Any advice is much appreciated! Thanks in advance.

function fn_fft_v1p0(fftcoef, bins, DATAn, FFTn)

fftcoef = [fftcoef; (conj(flipud(fftcoef)))];     % fft coefficients
bins = [bins; (FFTn - flipud(bins) +2)];          % corresponding fft indices for fftcoef array

ttrend = zeros( (round(2*DATAn/3) - round(DATAn/3) + 1), 1); % preallocate

start = round(DATAn/3)-1;

tic;
for nn = start+1 : round(2*DATAn/3)  % loop over desired time indices
  % sum over all fft indices having non-zero coefficients
  arg = 2*pi*(bins-1)*(nn-1)/FFTn;
  ttrend(nn-start) = sum( fftcoef.*( cos(arg) + 1j*sin(arg)); 
end
toc;

end
2
See fftw.org/pruned.html for an analysis of the potential savings. It may not be worth it.mtrw
You're looking at length(bins)*(2*DATAn/3) operations, better than DATAn*lg(DATAn) for the FFT approach if 2*length(bins)/3 > lg(DAtan) (since FFTW handles non-power-of-2 transform sizes, I'm ignoring the zero-padding). For the case of 10 bins and 2^25 output points, that's '20/3 > 25', a potential factor of 3 improvement. As soon as you get to 75 FFT coeffs, you've lost the advantage. And you have to code the algorithm in C and maintain it.mtrw
Thanks mtrw, I reviewed the link above a few days ago. It originally gave me hope because it states: "Because of this, I would not recommend bothering to consider a pruned 1d FFT unless you want 1% of the outputs or fewer (and/or if 1% or fewer of your inputs are nonzero)." In my case, less than 0.00001% of my input (coefficients to IDFT) are nonzero. I think this should be the dominant reason for increase in speed, rather than the factor of 3 improvement you cite above.ggkmath

2 Answers

3
votes

You have to keep in mind that Matlab uses a compiled fft library (http://www.fftw.org/) for its fft functions, which besides operating much faster then a Matlab script, it is well optimized for many use-cases. So a first step might be writing your code in c/c++ and compiling it as a mex file you can use within Matlab. That will surely speed up your code at least an order of magnitude (probably more).
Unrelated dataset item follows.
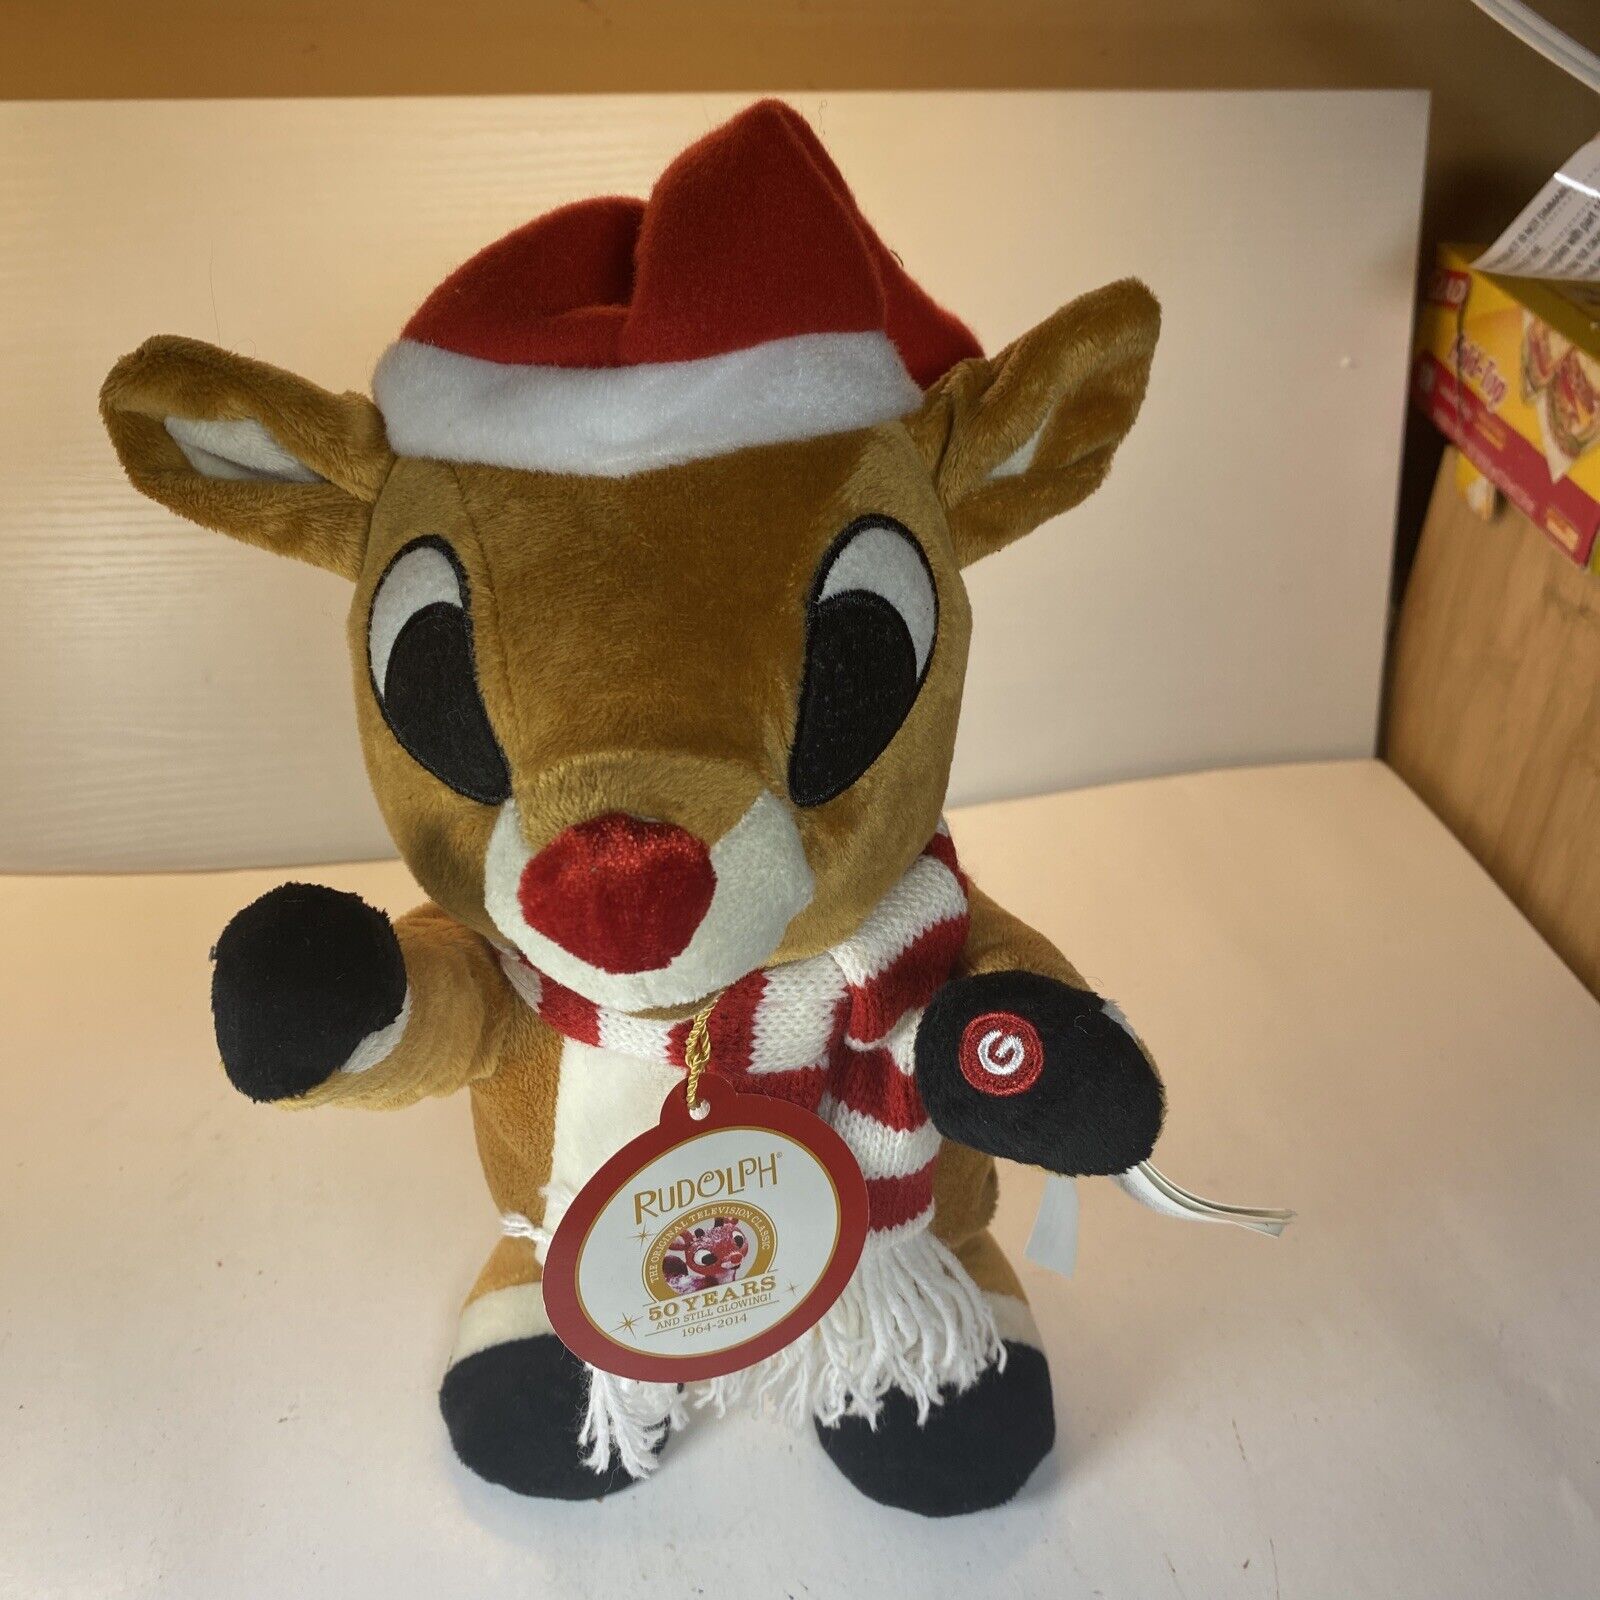 Gemmy Rudolph the Red Nose Reindeer Animated Dancing Plush 2014 50th Anniversary

Besides that, one simple optimization you can do is by considering 2 things:

  1. You assume your time series is real valued, so you can use the symmetry of the fft coeffs.
  2. Your time series is typically much longer then your fft coeffs vector, so it is better to iterate over bins instead of time points (thus vectorizing the longer vector).

These two points are translated to the following loop:

nn=(start+1 : round(2*DATAn/3))';
ttrend2 = zeros( (round(2*DATAn/3) - round(DATAn/3) + 1), 1);
tic;
for bn = 1:length(bins)
     arg = 2*pi*(bins(bn)-1)*(nn-1)/FFTn; 
     ttrend2 = ttrend2 +  2*real(fftcoef(bn) * exp(i*arg)); 
end
toc;

Note you have to use this loop before you expand bins and fftcoef, since the symmetry is already taken into account. This loop takes 8.3 seconds to run with the parameters from your question, while it takes on my pc 141.3 seconds to run with your code.

0
votes

I have posted a question/answer at Accelerating FFTW pruning to avoid massive zero padding which solves the problem for the C++ case using FFTW. You can use this solution by exploiting mex-files.